Bede and I stay close behind the two Elven women, who are using little bursts of pale-green magic to untangle the forest in the direction we need to go. Vines uncoil and branches bend back temporarily, but they close behind us almost instantly with a whip-sharp snapping of vines and a groaning creak of wood.

“Pace yourself,” I hear Enthel murmur to her wife. “It seems we have a long way to go. As you said, the barriers are much thicker than they used to be.”

Another stab of pain wrenches through my body.

Usually, my cramps are manageable with the help of certain herbs and tonics that I keep around the house. But I have no such medicine now. My womb feels as if a giant hand is squeezing it, over and over. Or maybe it feels as though every muscle inside me has gone rigid as the trees, and those stiff muscles are all quaking and creaking stiffly, agonizingly.

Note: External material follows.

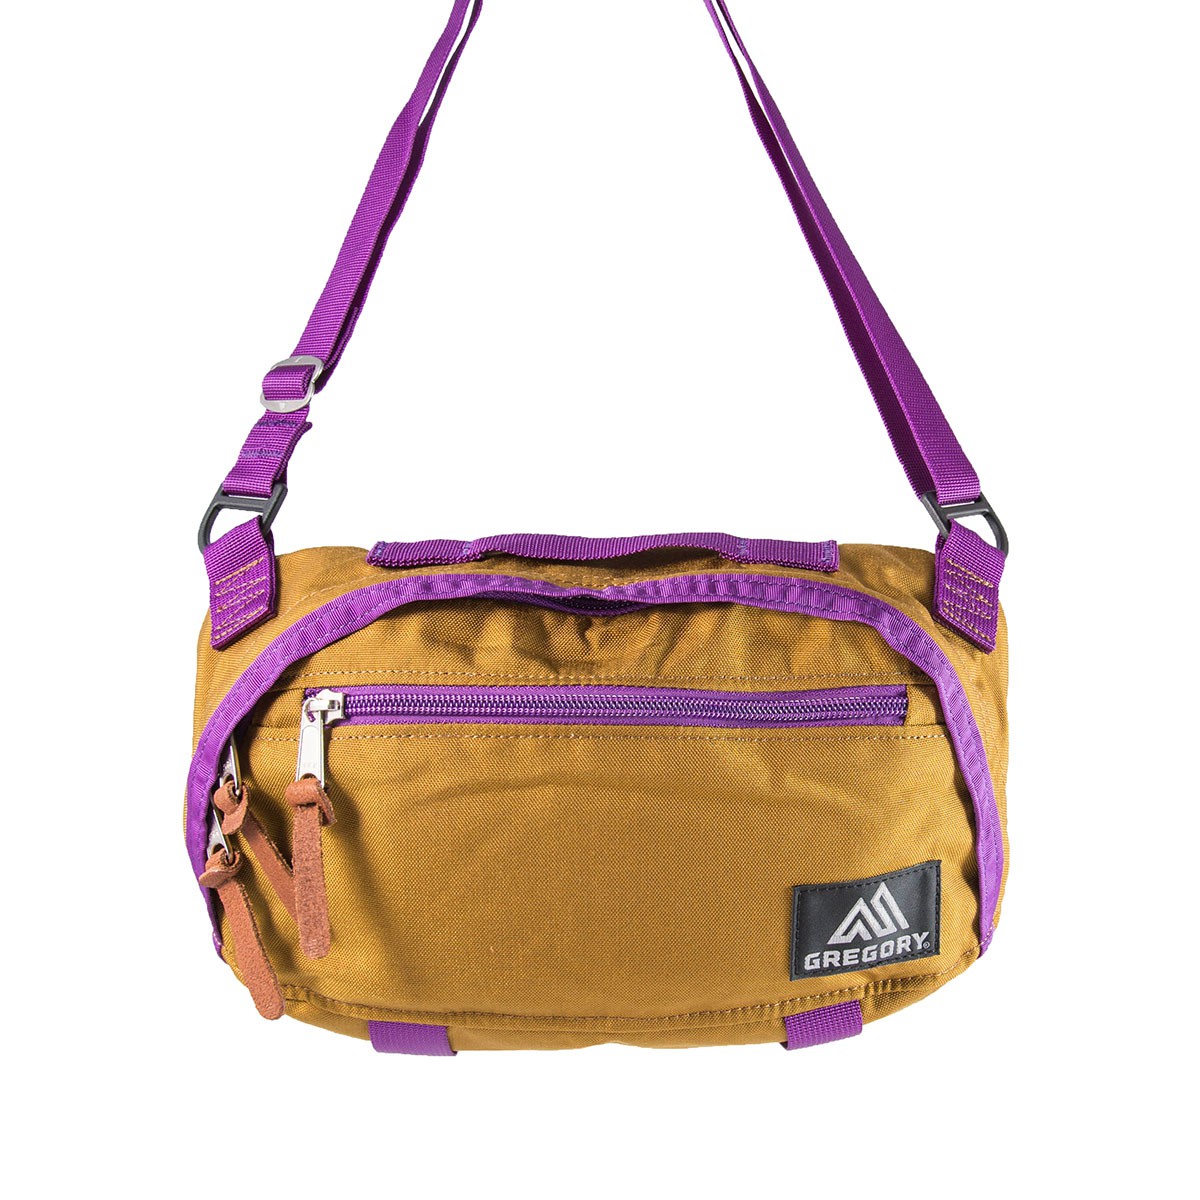 Gregory Transfer Shoulder Bag M Size 斜揹袋 Bronze Purple  香港行貨 *旺角店現貨*

Nausea shoots into my belly, tightening my throat.

I inhale through my nose, blow out through my mouth, and keep walking. One foot after the other, again and again, when all I want to do is lie down on a soft bed, pin a hot-water bottle to my abdomen, and curl up into a ball of misery.

Perhaps I should ask the Elves for help with the pain. Maybe they could do something. But they need their magic to fight the forest, which is growing denser and thornier by the second.

And so continues the worst night of my entire life. My mind sinks into a dogged, determined blur, with the only focused thought being one more step. The night is a sodden weight on my shoulders, and the forest rips at me with its claws, and the strained muscles in my belly creak and convulse, while I fight the urge to vomit and force myself to inhale and expel air.